Dos anos 80 para cá, sabe-se que, no Brasil, o
comportamento do torcedor nas arquibancadas dos estádios de futebol
modificou-se consideravelmente. Isso se deu pelo surgimento de configurações
organizativas com característica burocrática/militar,5 fenômeno essencialmente
urbano6 que cria uma nova categoria de torcedor, ou seja, o chamado
"torcedor organizado".
Fica uma indagação: em quais circunstâncias
socioculturais, políticas e econômicas nasce essa "nova categoria de
torcedor"? A questão perpassa todo texto e remete à análise da
constituição do tecido social das grandes cidades.

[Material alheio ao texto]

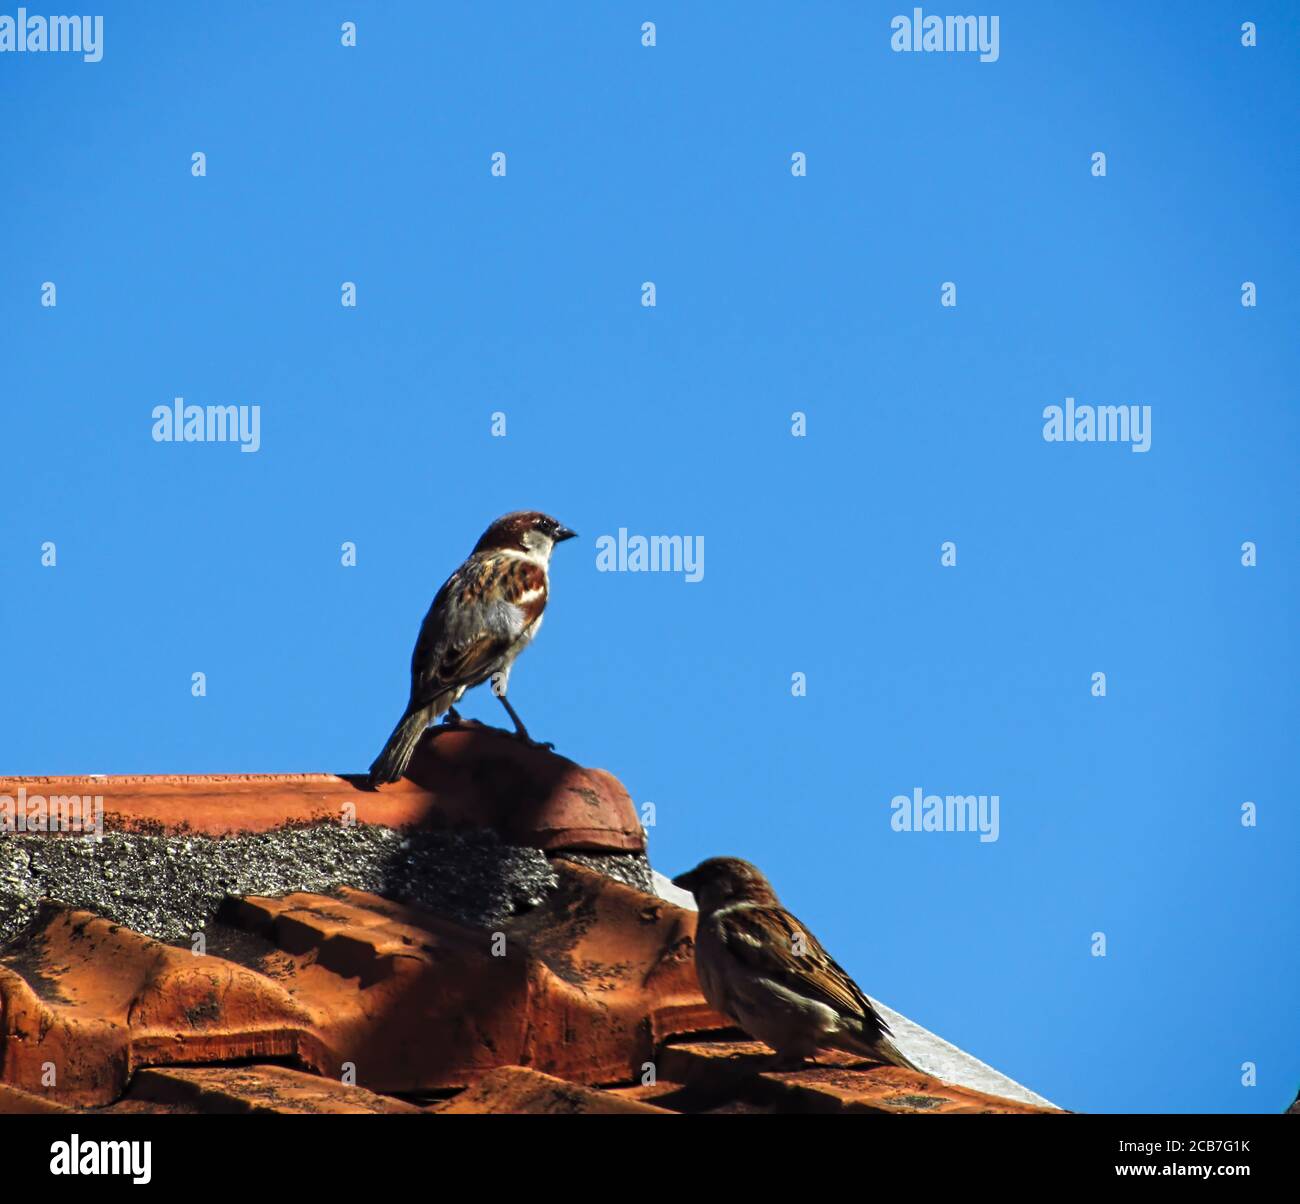 Kleiner Sperling in aufwachenden Position, auf dem Dach, unter einem sehr blauen Himmel. Stockfoto
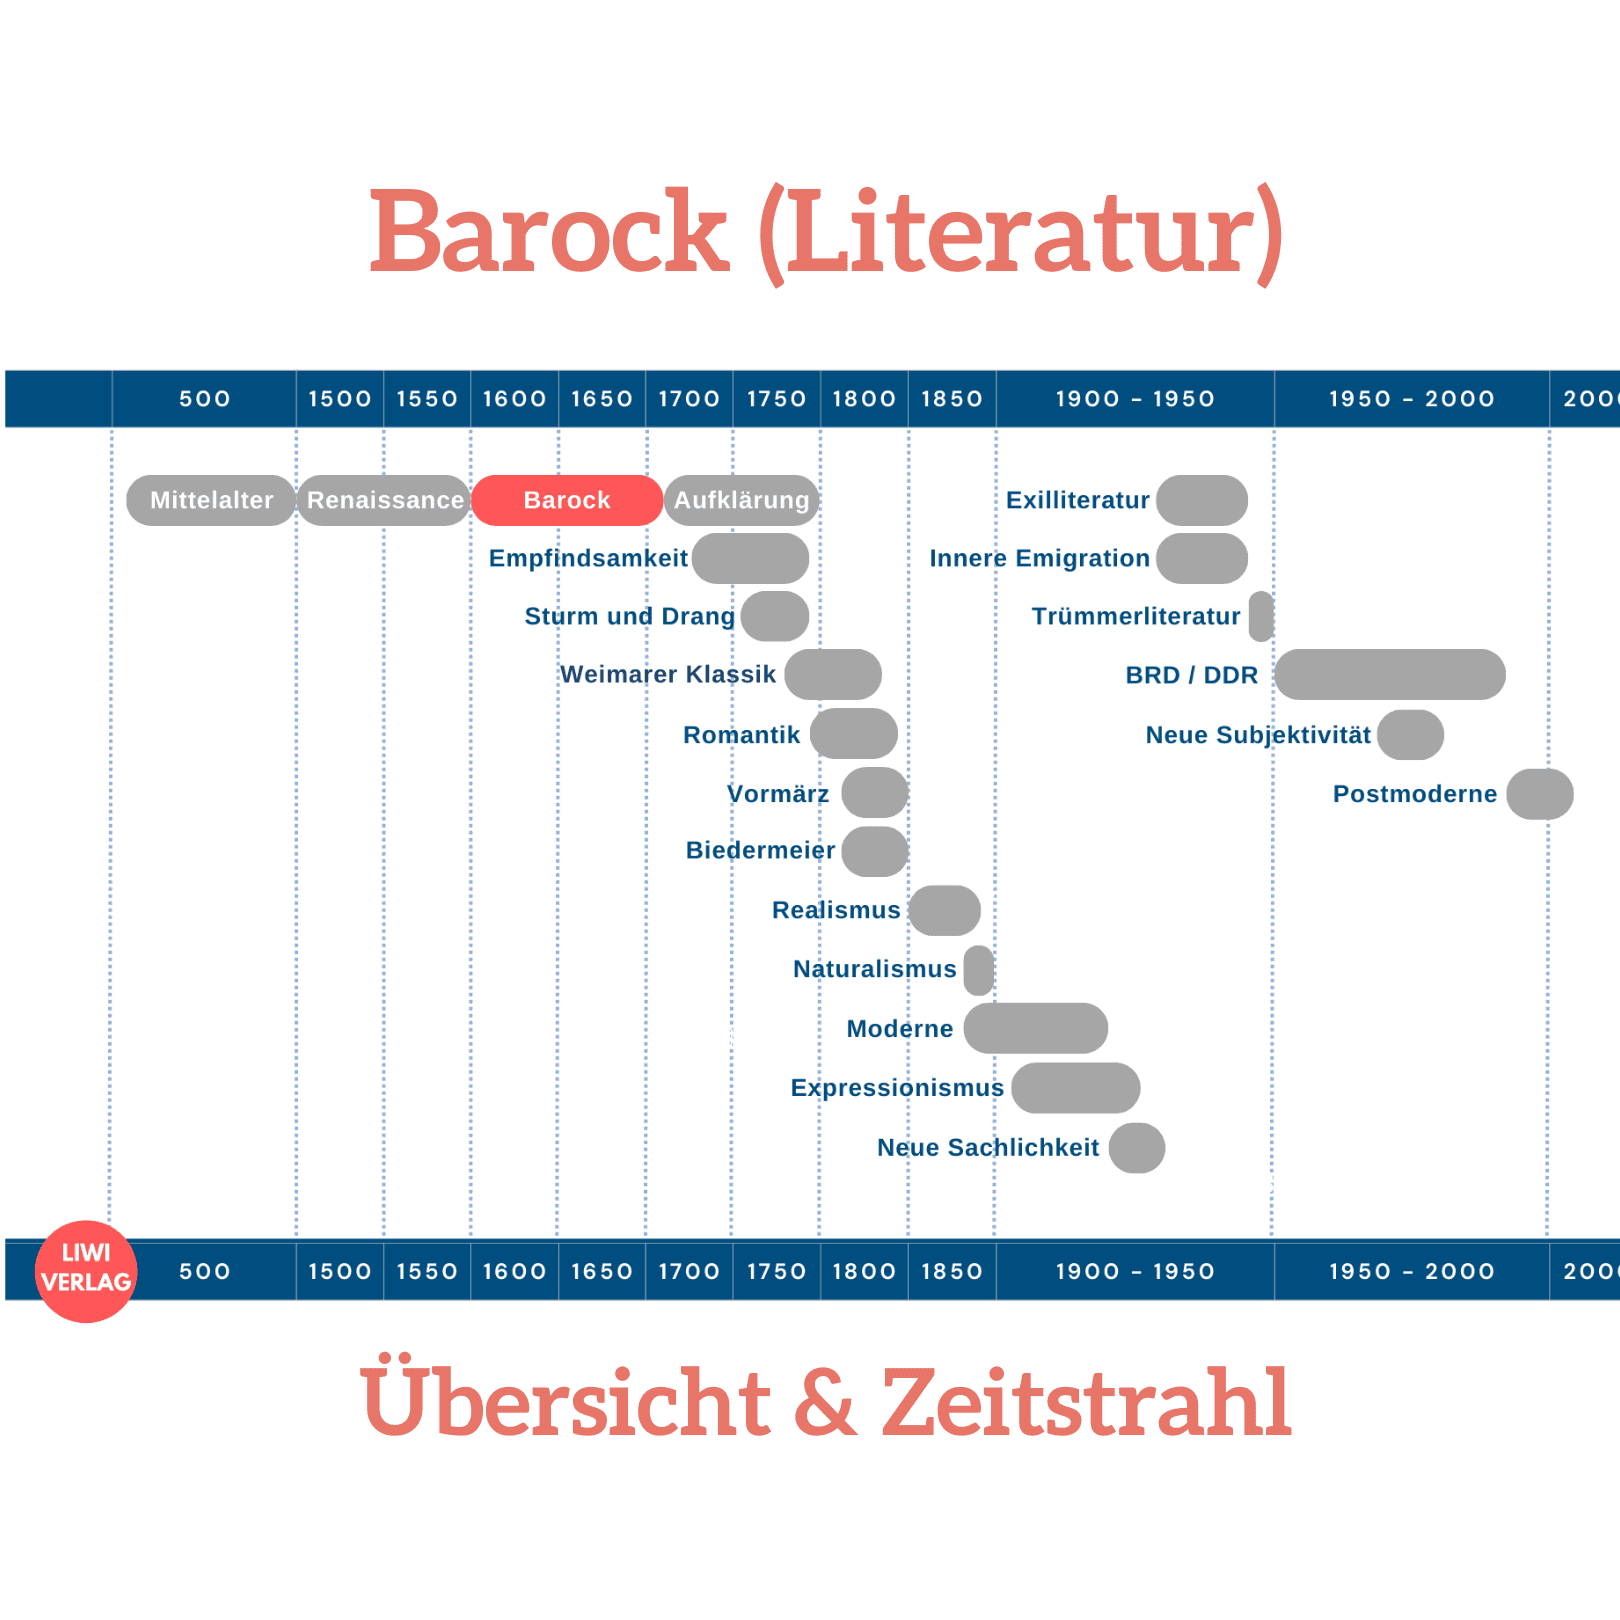 Barock-Literatur Zeitstrahl

A violência entre "torcidas organizadas"
não está desarticulada dos aspectos político, econômico e sociocultural
vivenciados nas relações individuais e grupais na sociedade brasileira
contemporânea. Conseqüentemente, o estilo de vida dos jovens, aqui denominados
de novos sujeitos sociais,9 não pode ser dissociado dos desdobramentos causados
por esses traçados político-econômicos legitimados no "jogo" social. Na
década de 70, o poder de mando do complexo industrial interferiu nas
macroorganizações político-econômicas, provocando grandes instabilidades nas
microorganizações sociais emergentes. Em outras palavras, o conflito entre os poderes
econômico e social marcou a construção do espaço urbano das grandes cidades,
prevalecendo o interesse do capital e, de alguma forma, esse processo
interferiu, inclusive, na identidade social dos jovens que se expressam através
da negação do outro (enquanto ser social), da disputa e da violência prazeirosa
entre os grupos rivais.
Vários dos conflitos entre torcedores organizados
são, hoje, agendados nas redes sociais. Fotos das brigas e da destruição
provocada pelos componentes destes agrupamentos organizados estão exibidas,
para quem quiser ver, no universo das mídias sociais. Mostrar para os colegas
os seus feitos no “campo de batalha” é fator de distinção dentro da estrutura
militarizada destas instituições. Um serviço de inteligência, que simplesmente
acompanhasse as redes sociais, ajudaria na identificação dos torcedores
violentos e na adoção de medidas preventivas para evitar conflitos. Três
aspectos se convergem para justificar e explicar a violência entre
"torcidas": a juventude, cada vez mais esvaziada de consciência
social e coletiva; o modelo de sociedade de consumo instaurado no Brasil, que
valoriza a individualidade, o banal e o vazio; e o prazer e a excitação gerados
pela violência ou pelos confrontos agressivos.
O que se arrisca, por
derradeiro, dizer é que a violência caracterizou-se como parte intensa nas
dimensões do cotidiano urbano contemporâneo, em especial dos grandes centros,
sendo que uma pista importante, diante da intolerância da
"comunidade" esportiva e das "autoridades públicas" ao movimento
de "torcidas organizadas", cinge-se na indicação de que a repressão
(policial, legal, etc.) contribui para manter uma "suposta ordem",
porém, contribui, também, no deslocamento dessa massa jovem para outros
movimentos de busca de prazer e de excitação.